Nyxoah's Sleep Apnea Trial Meets Primary Endpoints
Nyxoah announced its BETTER SLEEP trial met primary safety and performance endpoints for the Genio® hypoglossal nerve stimulation system, showing statistically significant reductions in sleep apnea severity.

Medical technology company Nyxoah announced on June 7, 2021, that its BETTER SLEEP clinical trial met its primary safety and performance endpoints. The trial evaluated the long-term safety and performance of the Genio® system, which provides bilateral hypoglossal nerve stimulation, in 42 adult Obstructive Sleep Apnea (OSA) patients.
The trial's top-line results showed a statistically significant mean reduction in the Apnea Hypopnea Index (AHI) from baseline to six months post-implantation in the overall cohort, as well as in a subgroup of patients with Complete Concentric Collapse (CCC) of the soft palate. Approximately 42.9% of the study population had CCC.
Dr. Richard Lewis, the study's principal investigator, described the results as highly encouraging, particularly for the CCC patient subgroup, who are typically excluded from unilateral hypoglossal nerve stimulation treatments. The Genio® system demonstrated a significant AHI reduction in these patients, with the treatment being well-tolerated.

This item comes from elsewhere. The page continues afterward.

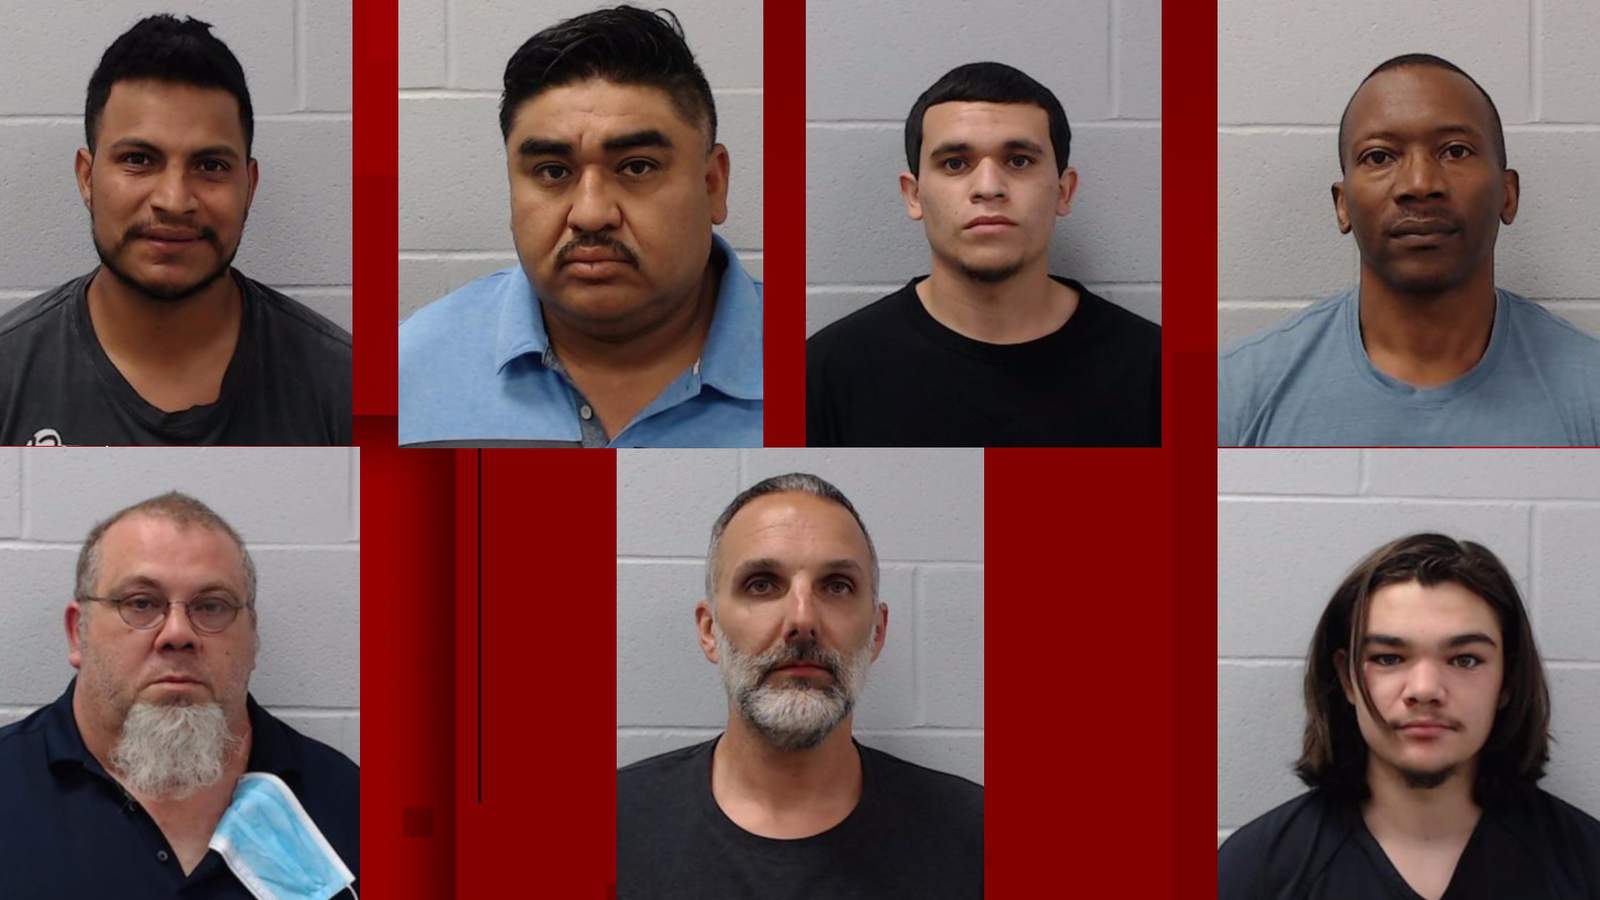 7 men arrested in prostitution sting operation in Hays County
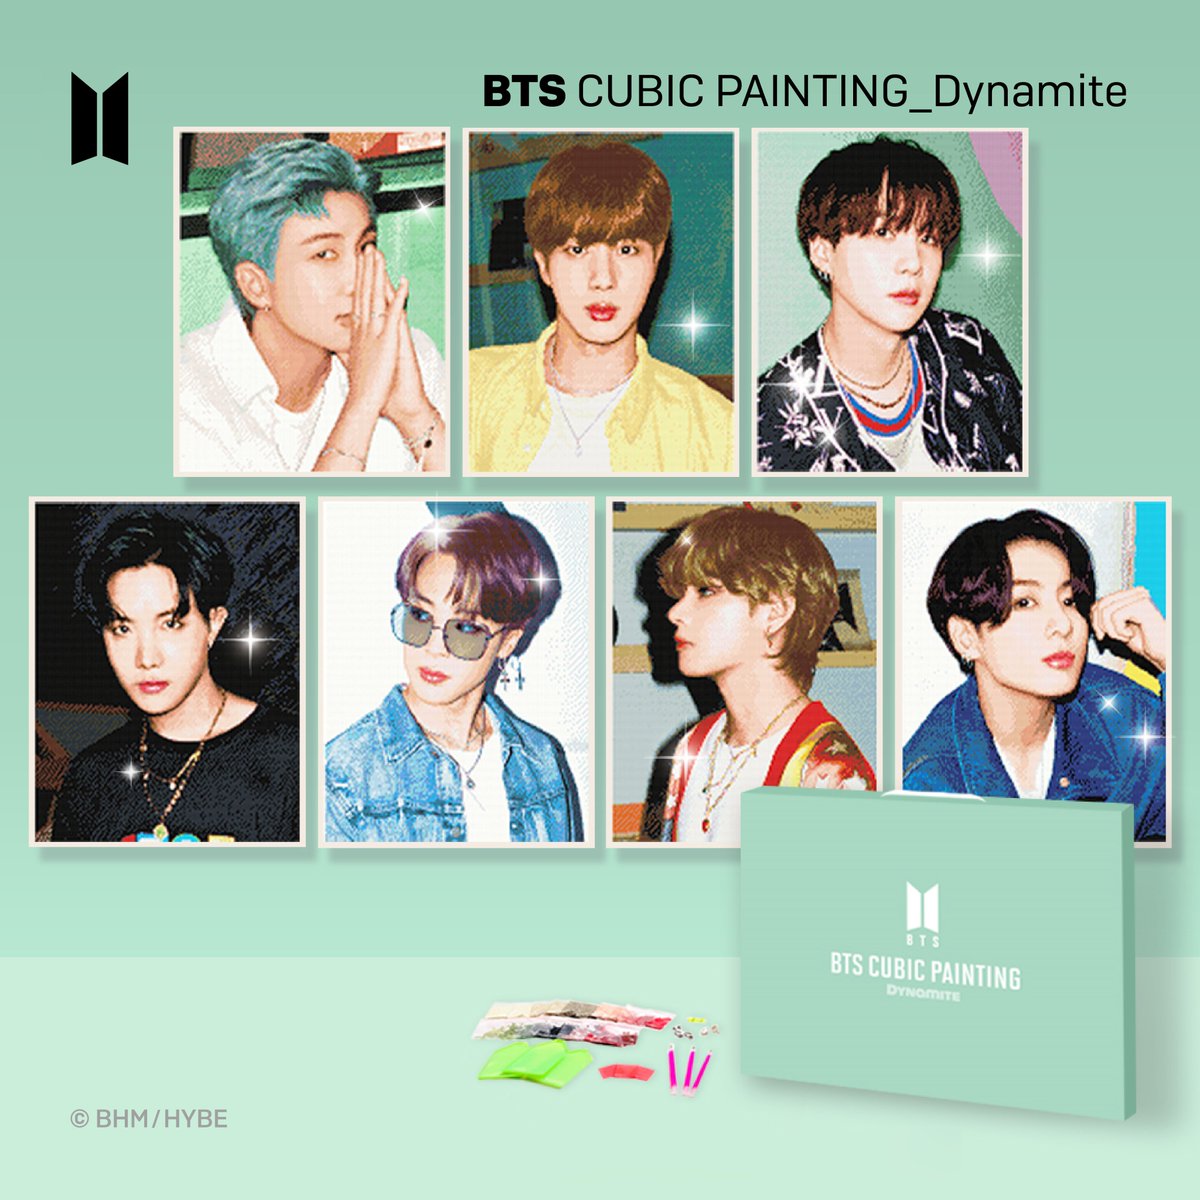 [April 2021] Newly Launched Licensed Products!BTS Dynamite  @ilovepainting__ Cubic Painting available in Japan, Korea and the USA

Nyxoah CEO Olivier Taelman stated the results support the company's belief in the Genio® system's potential to deliver positive clinical outcomes for CCC patients. The company plans to use these findings to expand the CE-mark indication to include CCC patients and initiate discussions with the U.S. Food and Drug Administration (FDA). Nyxoah expects to release further data as analyses are completed.